# OTA Antenna ?



## homertiger (Feb 15, 2006)

I live approximately 50 miles from all of my local HD stations. Should I try to install an outside antenna or will I be wasting my time and money? What are some of the distances you guys are bringing in HD locals?


----------



## AcuraCL (Dec 12, 2005)

About 40 miles from Washington DC and get most of the stations there. This is with a CM3021 4-bay bowtie in the attic with a rotator and CM7777 preamp.

A bigger antenna (more gain, like the CM 4228), on the roof (less signal attenuation) could easily do 50 miles, provided you aren't, e.g., at the bottom of a valley surrounded by tall mountains. I'm thinking La. there doesn't have much in the way of mountains .... How about trees, tall buildings, etc.?


----------



## homertiger (Feb 15, 2006)

I have trees, but I do not have any tall buildings and I am not in a valley. 
You have an antenna in your attic? That would be great! But would it work from the 50 mile range?


----------



## AcuraCL (Dec 12, 2005)

It *miiiiiiiggggghhhht* work if you used an antenna with more gain. An 8-bay bowtie has a higher net gain than my 4-bay bowtie, so it's possible ... worst case is to try it, and if the signal has too many dropouts, put 'er up on the roof.

The advantage to attic is it's protected and you can get to it easily if needed. Disadvantage is that you lose signal going through a roof/siding.

Here is a chart showing the gain of several popular antennas: http://www.hdtvprimer.com/ANTENNAS/comparing.html. The "net gain" chart has the more important data than raw gain.

And be sure to visit antennaweb.org, enter your address, and it will tell you what class of antenna you will need. Check back here after that for more specific recommendations.

Good luck !!


----------



## homertiger (Feb 15, 2006)

This is what was suggested by another web site:
1 CM 4228 uhf antenna
1 wade-delhi vip-306 vhf antenna
1 CM 7777 preamp
1 CM 9521a rotator
30' + antenna height from the ground

If I go and buy all of this I want to make sure it is going to work!
and you believe I will not have a problem, correct.
Thanks AcuraCL


----------



## AcuraCL (Dec 12, 2005)

I don't know that VHF antenna, not using one myself.

But I know the 4228 kicks butt, and I personally have the 7777 and 9521A. They are both very good products.

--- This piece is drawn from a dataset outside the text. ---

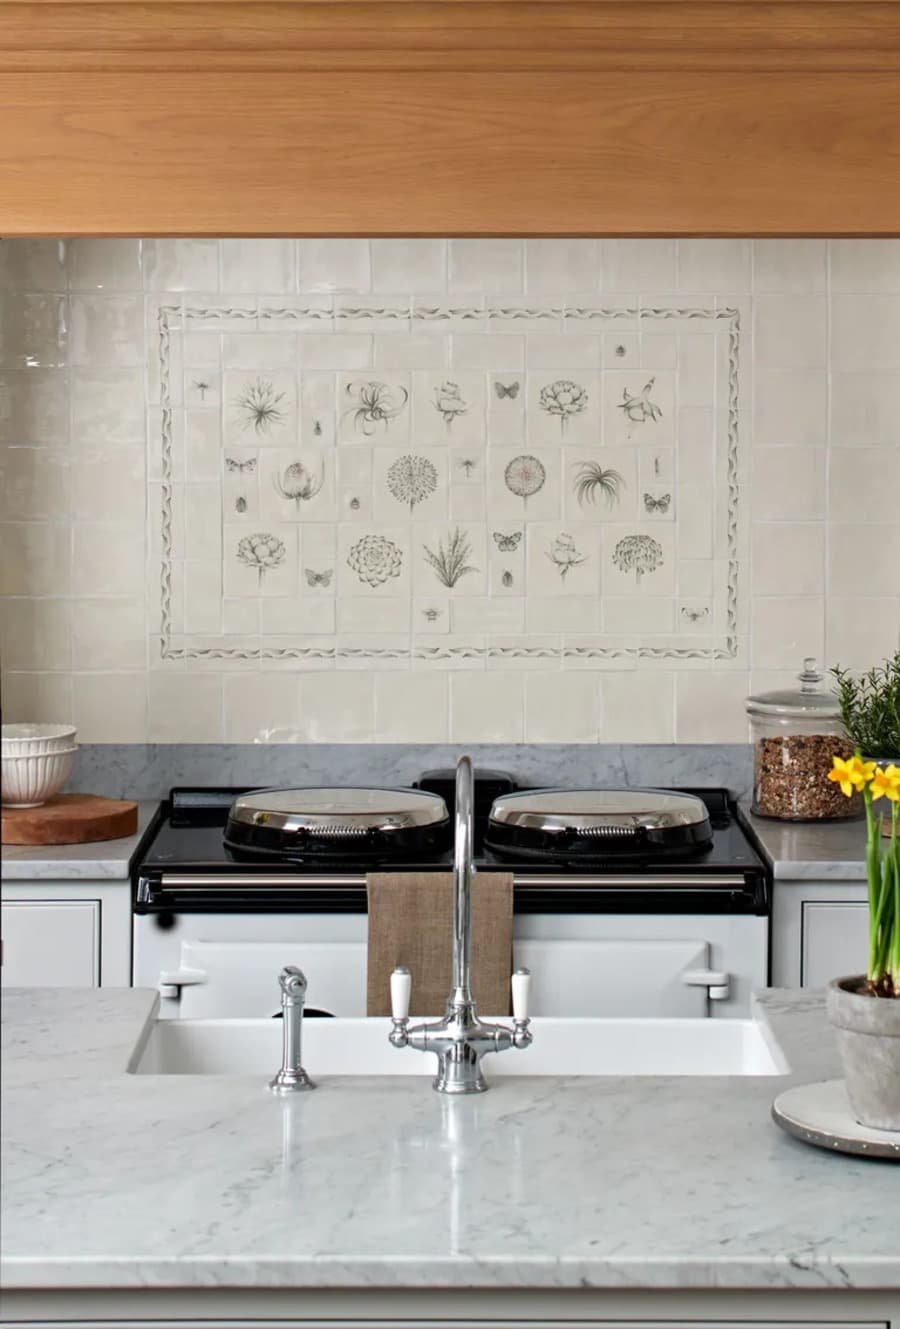 Cocina clásica con muro con azulejos color beige verdoso. Al centro hay un diseño con azulejos pintados  mano con flores, mariposas y hojas. Muebles de cocina blancos, grifería cromada estilo vintage.

I got my preamp and rotator off ebay, saved a bunch from buying commercially. The antenna I got from Ace Hardware, another good deal. Be sure to shop around as prices vary a lot. 

You can start with the antenna and 75 ft. of RG6. Nail some nails to your rafters in the attic and use some wire or something to hang the antenna from the nails, attach the balun and cable, and run it down through the house (this is not your final, pretty installation, just a test) to your tuner and do a channel scan to see what you can pick up. (Antennaweb will tell you what channels you should be able to tune.) Be sure you have pointed the antenna in the direction of your main tower.

If you pick up stations, turn the antenna toward the other towers and see if you can pick them up. If it all works, then get your rotator and go for the more permanant mount. If you are getting some dropouts, the preamp could be added to boost the signal. The 7777 preamp should be attached as close as possible to the antenna.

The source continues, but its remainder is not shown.